At birth, I weighed eleven pounds, the size of a Thanksgiving turkey or a bowling ball. My size led to complications during my birth that partially paralyzed my left arm.

Twenty-nine years later I cannot raise my arm above my head to put my hair in a ponytail. I lack the strength and ability to straighten it completely to do a push up,  and I am not able turn my forearm downward to type with two hands. My left arm and shoulder measure two inches shorter than my right.

In spite of all this, I telemark ski with one pole (and I love bumps!). I play banjo. I perform on stage. I milk goats, build, dig, and drive a stick shift. Last year, I started swimming laps at the pool. I've rock climbed with one arm, kayaked, played lacrosse, and fallen over a lot trying to do headstands in yoga.

When I talk about things I can't do, my chest tightens and my throat constricts. Inside, I am not limited. My body is not disfigured. Inside, I feel fully capable and perfect. When my internal world crashes against words like I can't  or pictures of me that prominently display my injury, my insides get jumbled. Defeat wraps itself around me like a coiling snake.

I feel best when I say yes to life and go for it in every moment, even if my going for it looks different than others.  In the next three months I'll be undertaking a challenge with my left arm.  I want to consciously experiment with saying I can.

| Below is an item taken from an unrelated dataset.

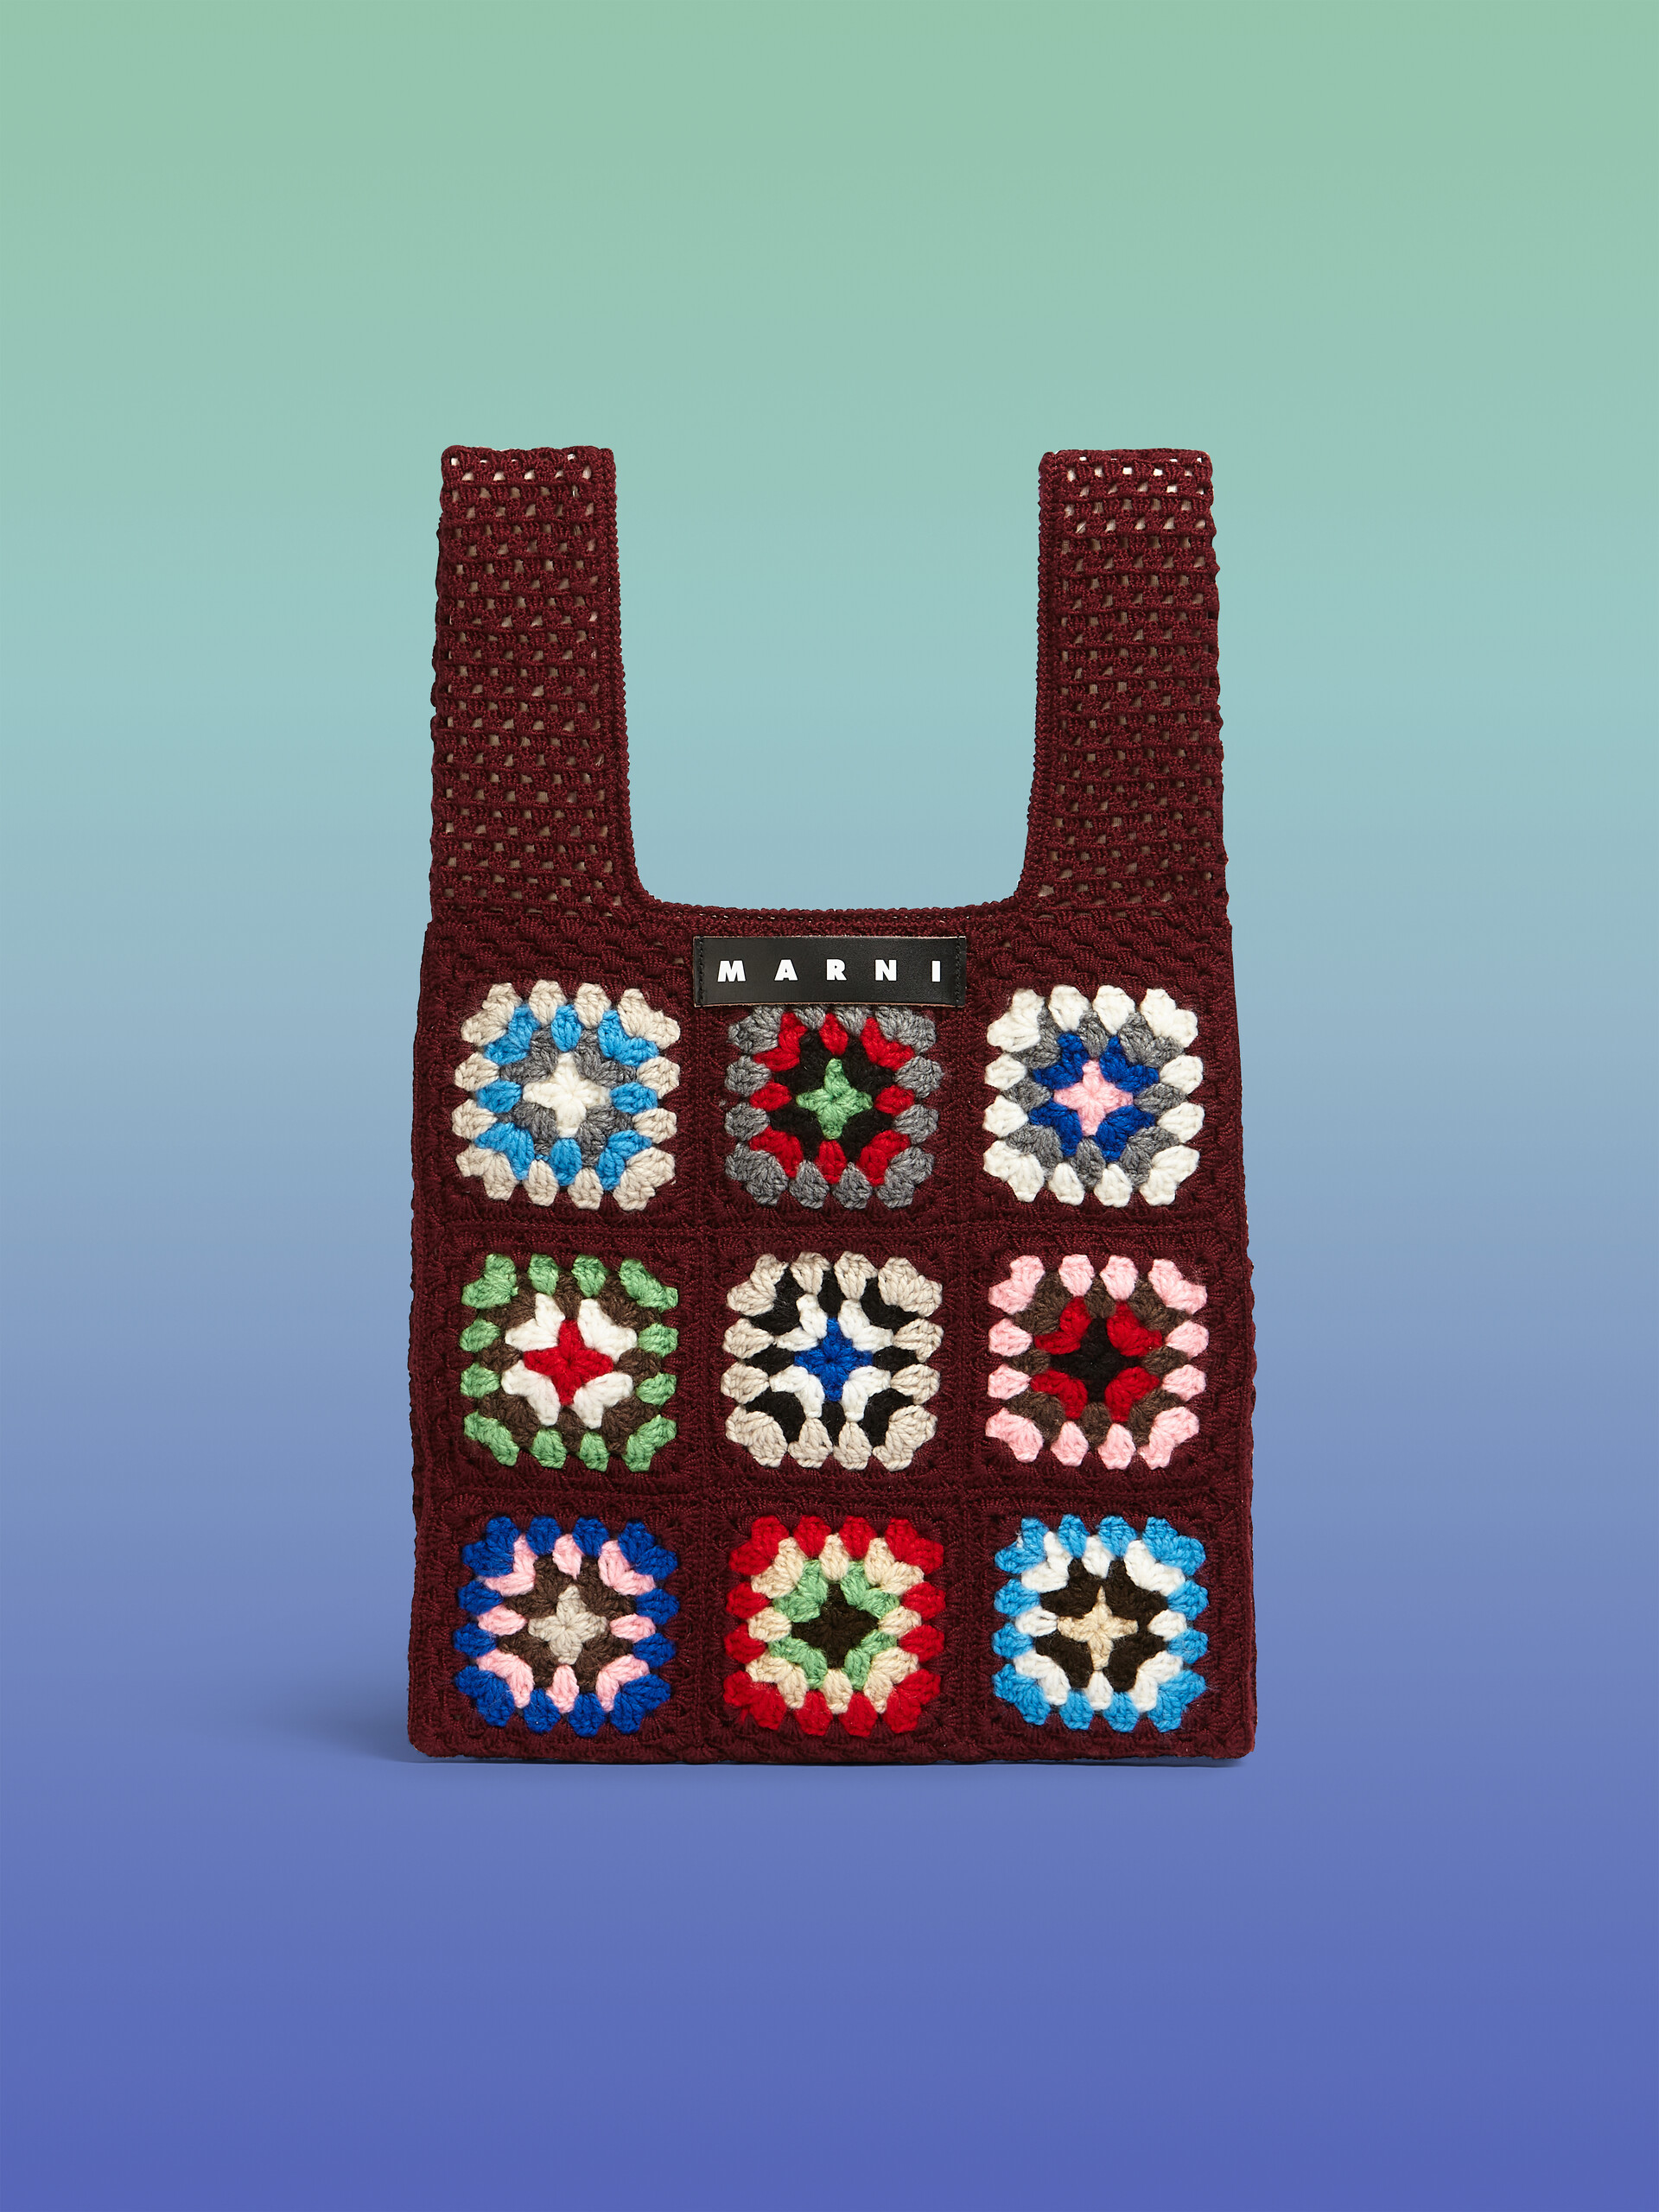 MARNI MARKET FISH bag in brown crochet - Bags - Image 1
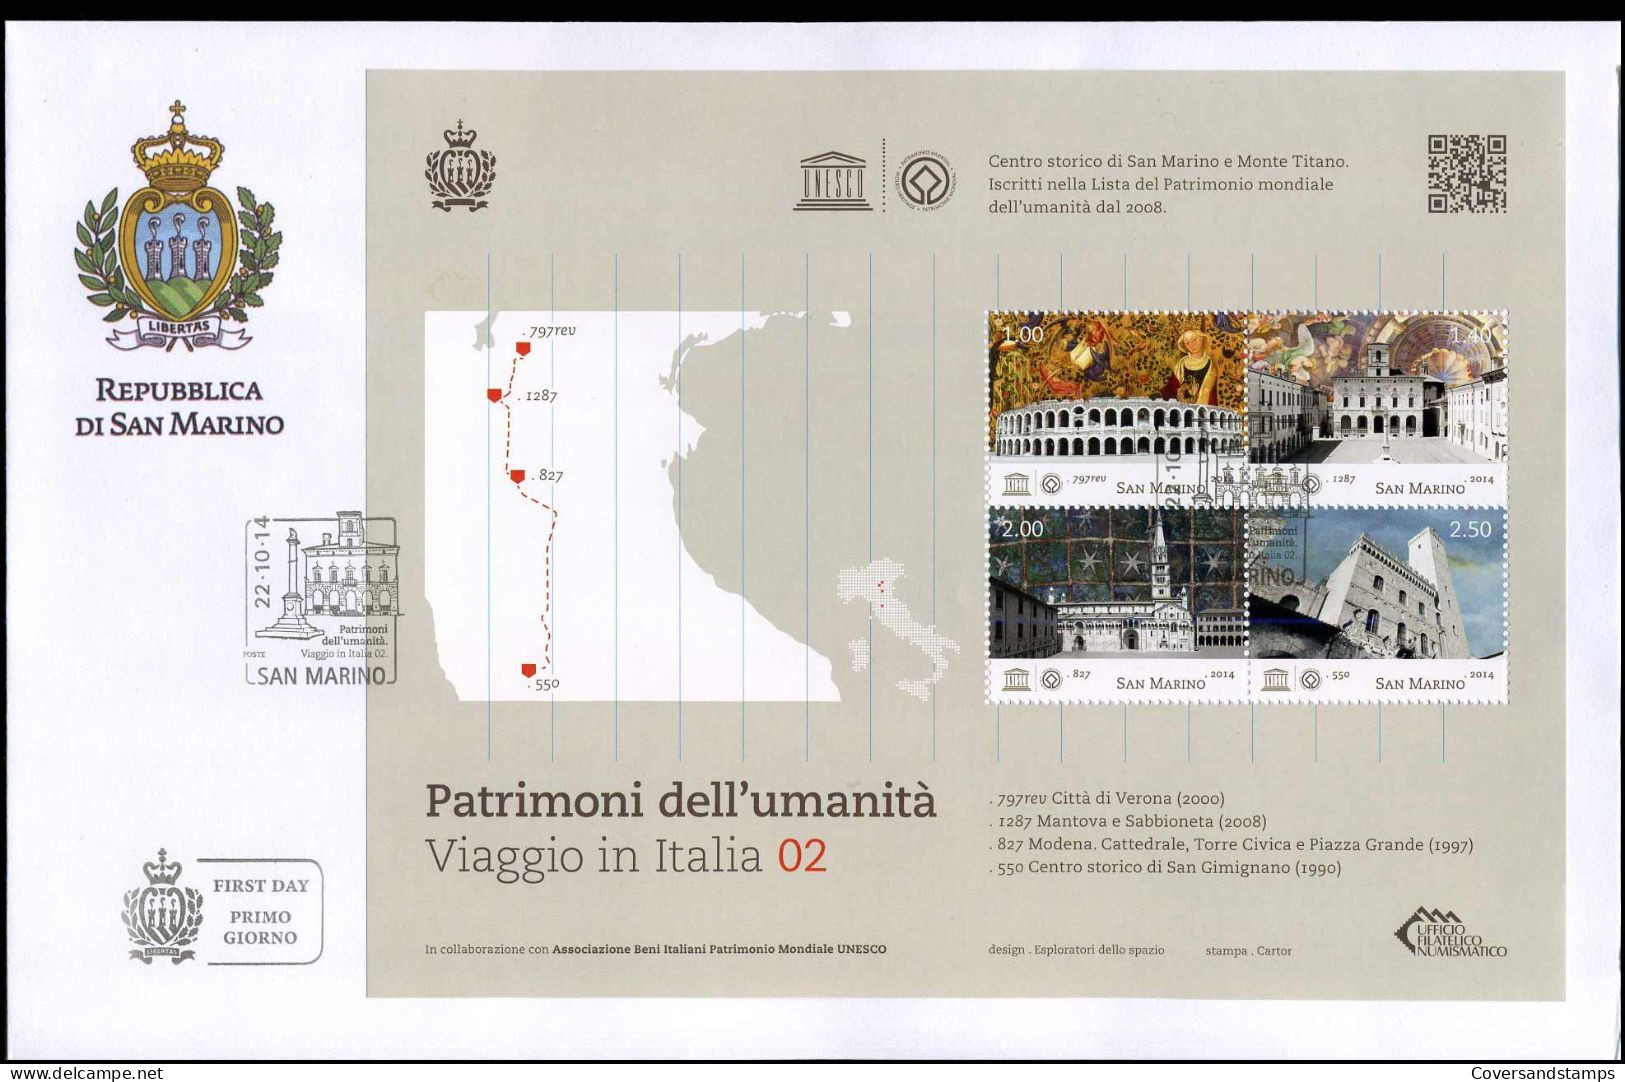 San Marino - FDC 2014 - Patrimoni Dell'umanita, Viaggio In Italia 02 - FDC

I've set a few goals for myself. With all the compassion and patience I can muster, I am going to:
-learn to juggle
-go climbing with my bad-ass climbing friends
-choreograph and perform a dance that pays homage to my paralyzed arm
-spend time everyday loving on my arm

Most importantly, I am going to address the strangling feeling that comes up when I talk about it because I want to be free, and light, and at peace. I am going to own this injury more than I already do, so that my internal world and my physical reality are one.

(PS: I caught and KILLED that pack rat all by myself!!!!! Boooya!)


  1. I remember when you had surgery on your arm as a teenager, you didn't let that stop you from joining in the silly fun of our school semi-formal, post-surgical brace and all, and damn you looked beautiful! said "I Can" then too...

    1. Why thank you. I should dig up a picture from that event--between the braces, the arm brace, and two months of my mom bathing me, that was a...memorable chapter!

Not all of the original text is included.